III. Though the ordinary Market Vegetables may be grown on large farms, the fact that they seldom are is significant. Cabbages, Peas, Poled Beans, Tomatoes, and even Potatoes, are mainly grown on small farms, as they always have been. There are sections wherein no cash market for Vegetables exists or can be relied on; and here they will continue to be grown to the extent only of the growers' respective needs; but wherever the prevalence of manufactures or the neighborhood of a great city gives reasonable assurance of a market, they are grown at a profit per acre which is rarely realized from a Grain-crop. No less than $100 per acre is often, if not generally, achieved by the growers of Cabbage around this city; and this not from rich, deep garden-mold, but from fair farming land, underdrained, subsoiled, and liberally manured.
The careless, slipshod farmer may do better—that is, he will not fail so signally—in Grain cultivation; but there are few more decided or brilliant successes than have been achieved within the last few years within sight of this City, and wholly in the tillage of small farms.

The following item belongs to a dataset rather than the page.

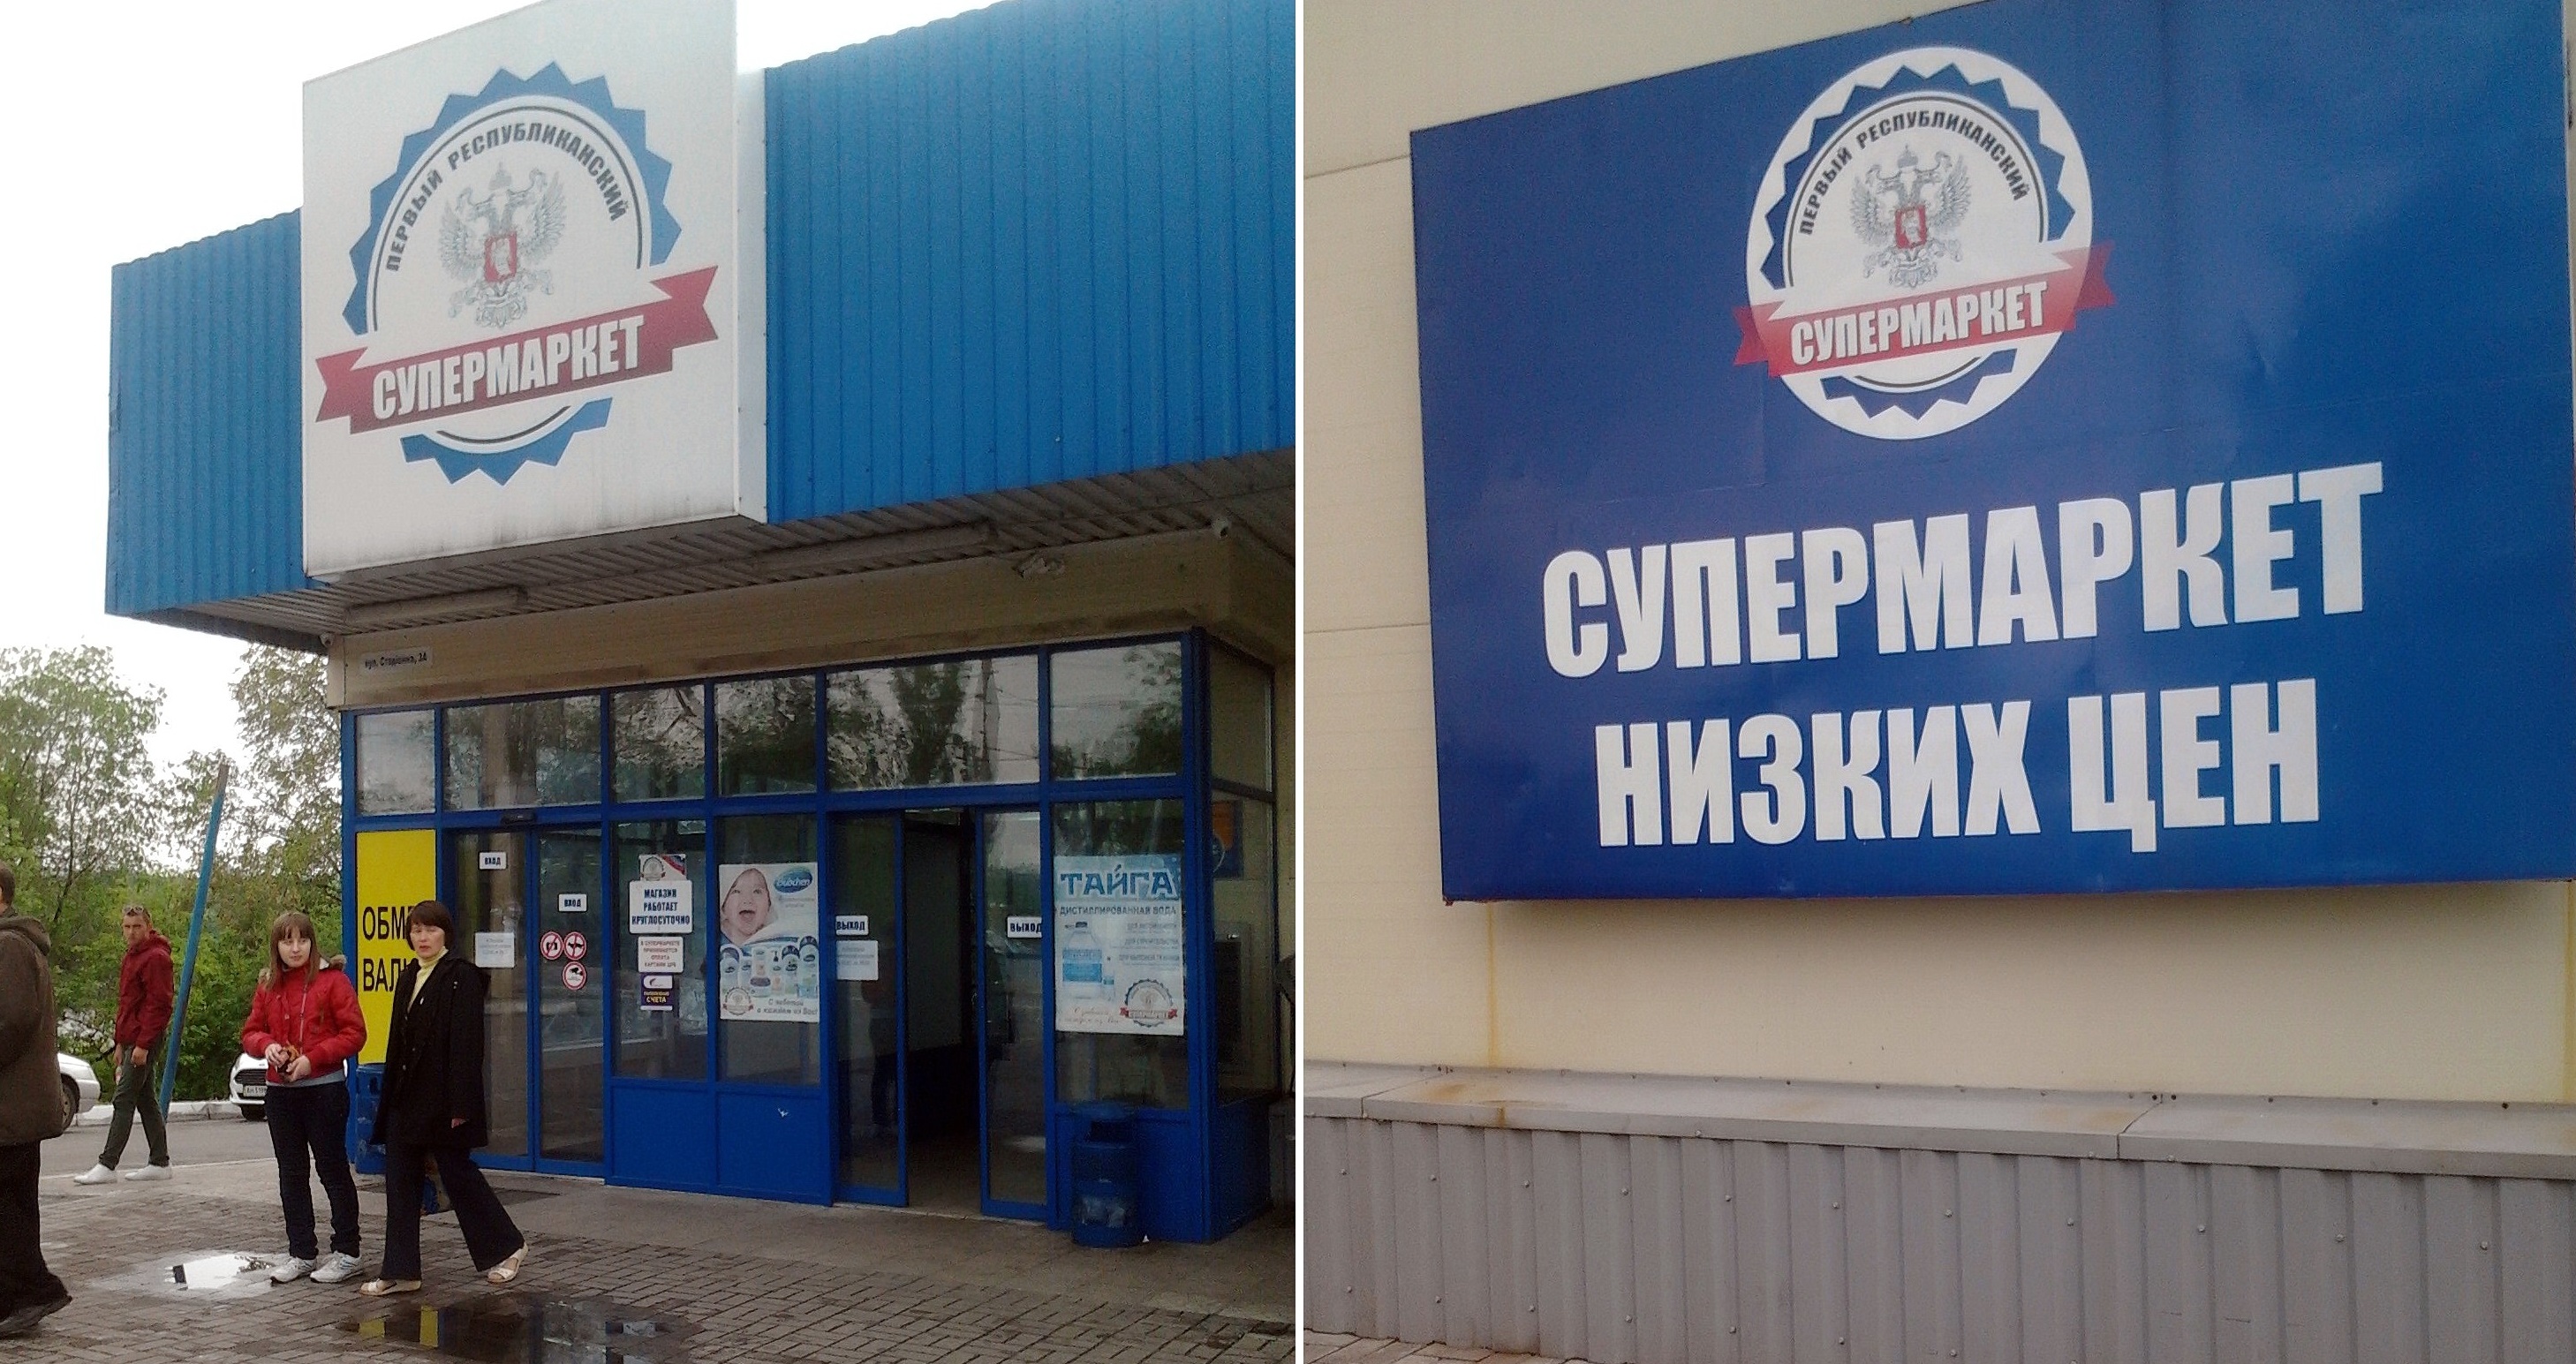 Террористы из России на Донбассе отжимали супермаркеты "АТБ" и делали "ПРС", - экс-мэр рассказал подробности бандитской деятельности главарей "ДНР"

I trust I have here said enough to show that there is a legitimate and promising field for agricultural enterprise and effort, other than that which contemplates the acquisition and rule of a township, and that, while farming on a large area is to many attractive and inspiring, there are scope and incitement also for tillage on a humbler scale—for tillage that permits no weed to ripen seed, and no nest of caterpillars to flourish a month undisturbed—for tillage that achieves large crops and profits from small areas, and rejoices in that neatness and perfection of culture attainable only in the management of small farms.